Consider that at this level, the average encounter (EL 16 !!!!!) the treasure value per encounter is 28,000gp.  

At that level, spending 1,500 gp to end the fight is hardly a problem.  You're just as likely spend that kind of money on potions, scrolls, and other consumables during the fight.

(EDIT) For comparison: spending 1500gp on a fight at this level (EL 16) is only ~5% of the treasure you will gain for the fight.  At level 3 (EL 3), spending 5% of the treasure is 48 gp.  Whoop-dee-dee.


----------



## Thanee (Nov 9, 2004)

From a sorcerer's point of view, I have these three spells chosen for my sorceress (not yet high enough to learn them, however ):

 1) Limited Wish (no brainer)
 2) Greater Teleport (no Teleport, so this is another obvious choice)
 3) Spell Turning (the only one I am not so sure about, but it's nice protection and can be cast over and over again)

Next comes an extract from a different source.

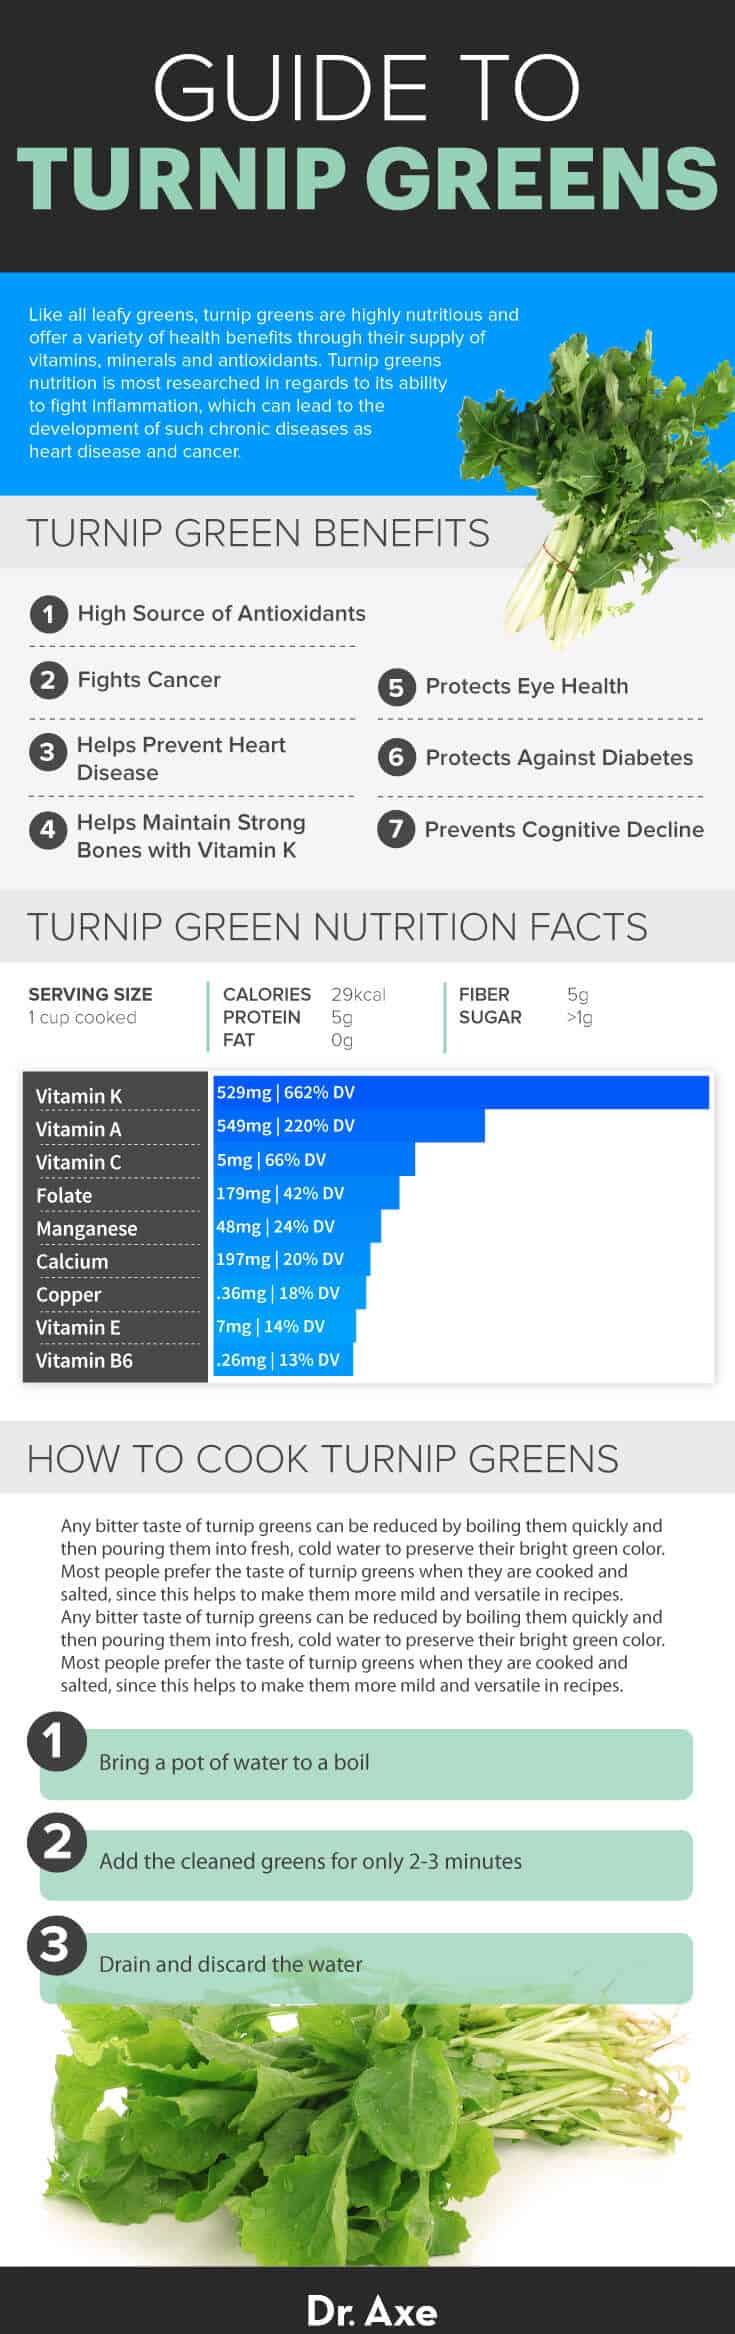 Turnip greens nutrition guide

 Force Cage is out, since she cannot learn evocations anymore (Incantatrix), otherwise, this might have been number 3), but there is still Greater Shadow Evocation one level higher, which does it for free (but also is less effective with a save to disbelieve and SR: yes). Altho 8th level spell choice is really, really tough for a sorcerer. 

 Bye
 Thanee


----------



## shilsen (Nov 9, 2004)

Limited Wish and Prismatic Spray for reasons already mentioned by previous posters. No.3 was Reverse Gravity - if you need to ask why, read the spell description and think about options for a few seconds.


----------



## Plane Sailing (Nov 10, 2004)

Thanee said:
			
		

> 3) Spell Turning (the only one I am not so sure about, but it's nice protection and can be cast over and over again)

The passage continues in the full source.